# How much to rent a field?



## HenrytheCat (13 April 2010)

I have decided that I want to get another pony.  I've got a lovely little mare at the moment and I would like a youngster to bring on as well.  The only problem is that I keep my current pony on expensive (eek!) full livery due to working very long hours and having the usual school run/other animals etc to fit in as well.  All being well I am going to become a lady of leisure in a few weeks so I think the time has come to rent my own field as I will have far more time to spend doing horsey things.

I have approached a local farmer to see if he will consider fencing off some of his grassland and he has agreed in principle.  He has got horses himself but he has never rented land out before so he isn't sure what to charge me and I am trying to find out an average price so that I can negotiate with him if necessary.

Unfortunately, I am not sure how big the field will be because I don't need it yet (until I give up work and get my new pony) and he hasn't done any fencing.  I think I will be able to influence the size of the field as well, with any luck when we are both ready to proceed.
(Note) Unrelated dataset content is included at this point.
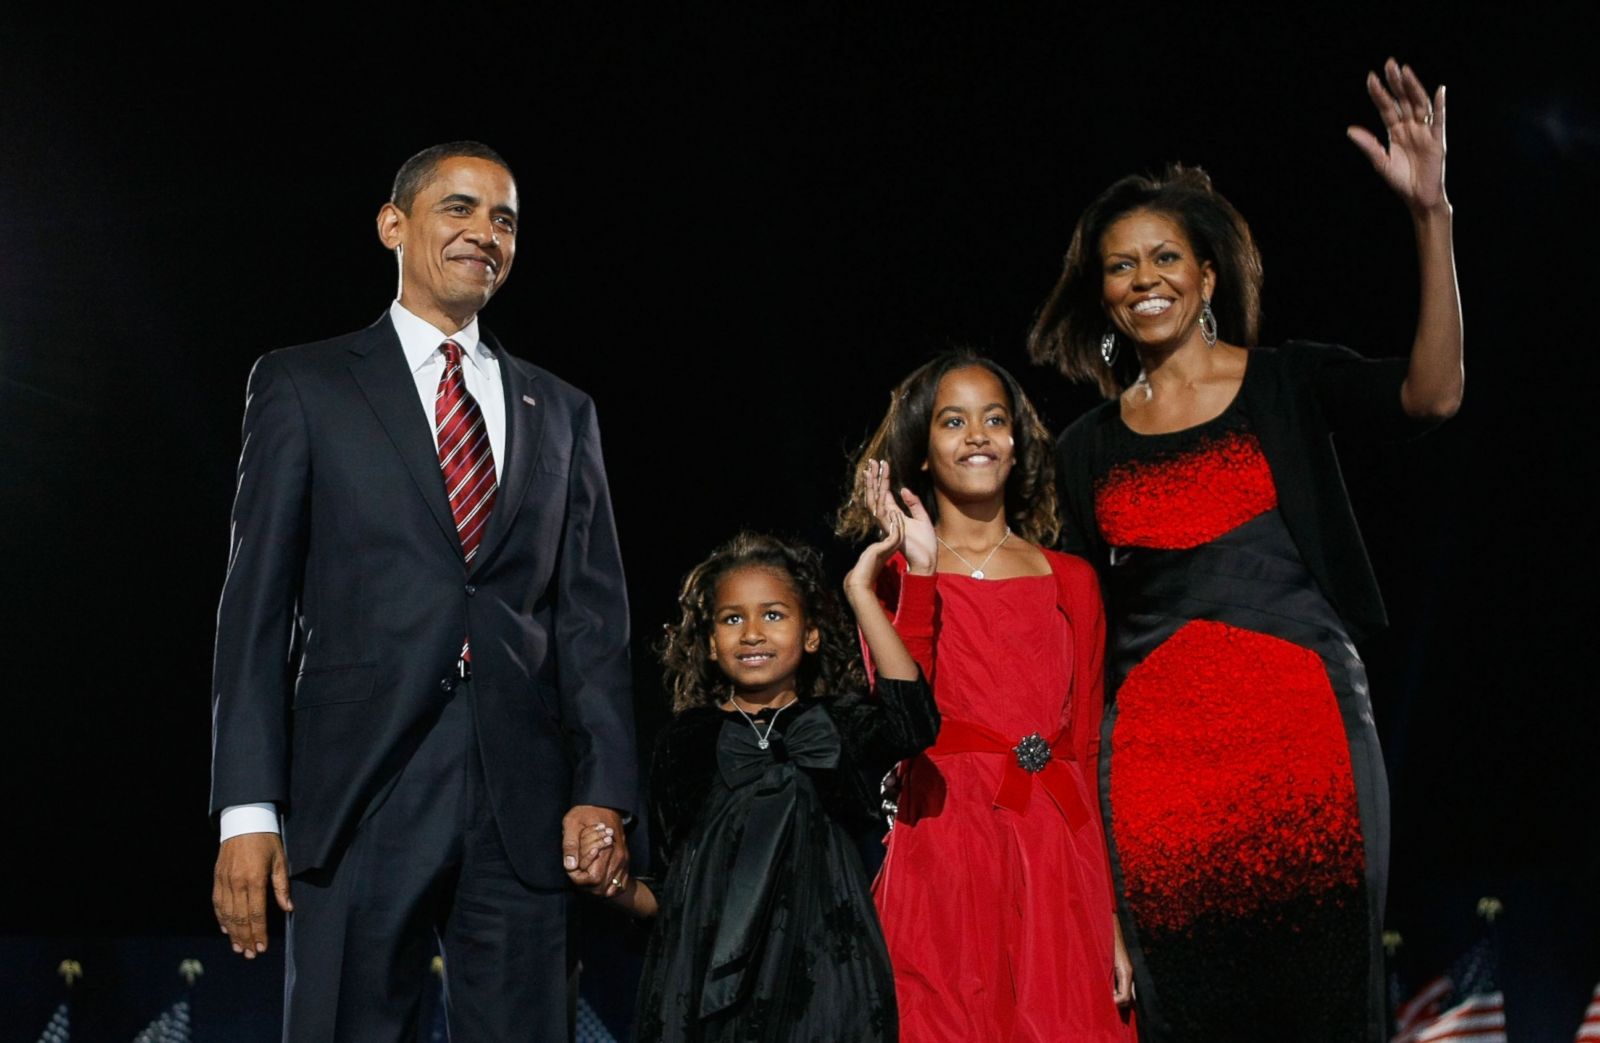 Con gái út nhà Obama sau 6 năm rời Nhà Trắng: Rũ bỏ hình tượng chỉn chu, gây sốc bởi phong cách phóng khoáng - Ảnh 1.

So two questions really - firstly how much land do I need for two natives?  One is a Dales x and the other will be a Highland (I think).  They are both 14.1 ish and very good doers.  A field shelter will be included in the price of the field rental.

Secondly, how much rent should I expect to pay?  Not sure if there will be a water supply or not.  Depends on how close to his property my field ends up being.  Any ideas or does it depend entirely on the size of the field?

Oh I forgot.  He also has a badly maintained manege which I am hoping to use so I am guessing that would also affect the price?


----------



## spike123 (13 April 2010)

Ideally at least 2 1/2 acres so that you can rest and rotate it as required. Any less you will find you get badly poached ground. I pay £20 per week per horse where I am but that does include a stable and not just a field.I have other friends who also rent fields from farmers and all are paying anywhere from £10 to £25 dependant on whether there are any other facilities.IE stable,water supplied etc


----------



## pottamus (13 April 2010)

Difficult without knowing the size of the field...but I pay £600 per year for two and a half acres of flat paddock with road access. No water facilities, menage or electricity and I pay for the maintenance of the land and hedges on top...so approx an extra £250 per year for hedges, harrowing, spraying, much removal.
I bought my own field shelter in order to store hay in one side and use the other as a stable to get my good doer off the grass for periods of time.
Most of my land is wasted as I do not use it or need it, having such a good doer, he manages well on less than 1 acre all year round with hay...the rest of the field is cut and then left. 
Make sure you get something drawn up in writing about who is responsible for what and what facilities are included...also have a months notice for either party...just in case.


----------



## Troylimbo1 (13 April 2010)

I was paying £40 per week for a thirteen acre field with no field shelter but it had water.
I think that was quite reasonable as £20 per week per horse seems to be the going rate for fairly average fields.
This is East Sussex. Hope it helps


----------



## HenrytheCat (13 April 2010)

Thanks everyone.  Your replies are all helping me build up a picture.  I didn't have a clue about costs and neither does the farmer so, if he wants me to suggest a price I have some evidence to show him, and if he sets a price I will have an idea of whether or not it is reasonable.


----------



## learningcurve (13 April 2010)

I pay £50 a month for 3 acres, water on site, I am allowed to put up my own field shelter, storage etc.
Field entrance is located down a private road.


----------



## L&M (13 April 2010)

I rent out a 3 acre field, with its own water supply but no field shelter, for £20 per week. It currently holds a 16.2hh shire x and a 14.2hh cob and seems to provide enough space and grass all yr round. It is split into 2 for rotation purposes over the spring and summer, with the fencing removed in the winter so they have free roam over the whole field.
Hope that helps!


----------



## posie_honey (13 April 2010)

from a agricultural consultant/farmer perspective  i'd recommend the farmer to charge £100/acre/year for a field..... that seems to be the average price round here (perthshire/angus) al;though i have also paid more than that round here too...


----------



## HenrytheCat (13 April 2010)

Thanks very much everyone.  Loads of useful info building up


----------